To remove some of the misconceptions existing in reference to these treatises, and the many errors occasioned by the variety of their titles, I propose to give a brief account of their literary history. The publication of the present volume supplies materials hitherto unknown to the biographers of Roger Bacon, and more obvious means for correcting previous mistakes.

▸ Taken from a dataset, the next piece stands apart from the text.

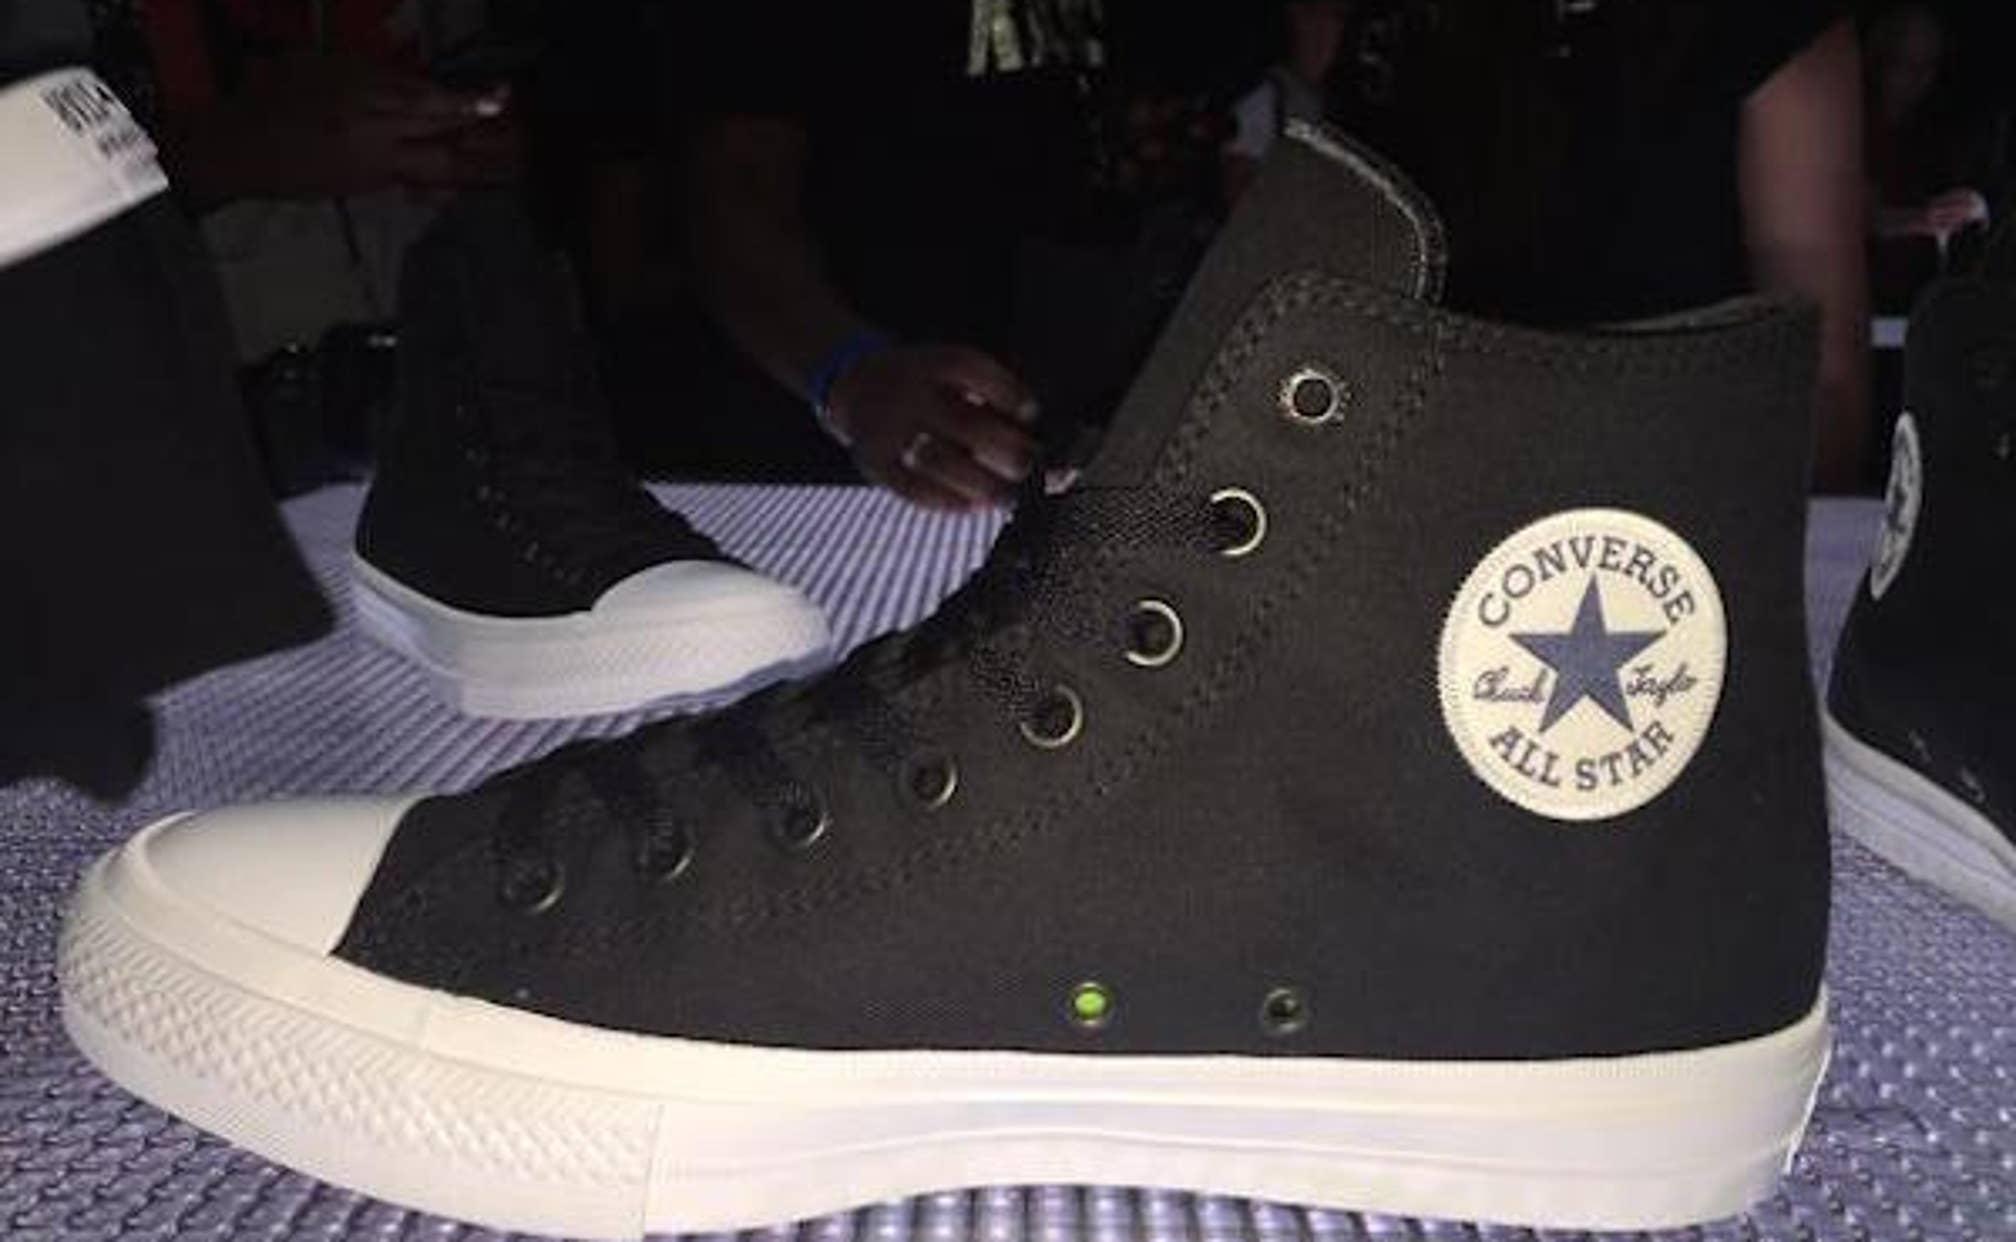 Converse releases more comfy Chuck

¹ Of this learned and laborious scholar I wish to speak with unfeigned respect. English literature is much indebted to his disinterested, zealous, and indefatigable exertions. He was born at Nottingham, educated at Peterhouse in Cambridge, attached himself to the nonjurors, and became librarian to the celebrated Jeremy Collier. He appeared as an author at an early age, printing during his residence at Cambridge, in 1718, a translation of "Martyn's answers to Emlyn." On leaving the University he married a relative of a Mr. Dillingham, an apothecary in large practice in Red Lion Square. From Dillingham he received lessons in chemistry. His son, afterwards Sir Richard Jebb, the eminent physician, well known to the readers of Boswell's Johnson, was born at
Stratford in Essex, in 1729, where his father had settled shortly before. Dr. Samuel Jebb is favorably known to students of English history by his Life of Mary Queen of Scots, extracted from the original records—a work still high in repute—and by his edition of Bacon's Opus Majus, published in 1733, and dedicated to Dr. Mead. He died in the enjoyment of a comfortable fortune, acquired by his profession, on the 9th of March 1772. The brother of whom he speaks, in his preface to the Opus Majus, as first drawing his attention to a copy of that work among the MSS. of Trinity College, Dublin, was undoubtedly Dr. John Jebb, the Dean of Cashel, father of the Cambridge reformer. A waspish notice of him occurs in Hearne's Reliquiae, p. 665, under the year 1727.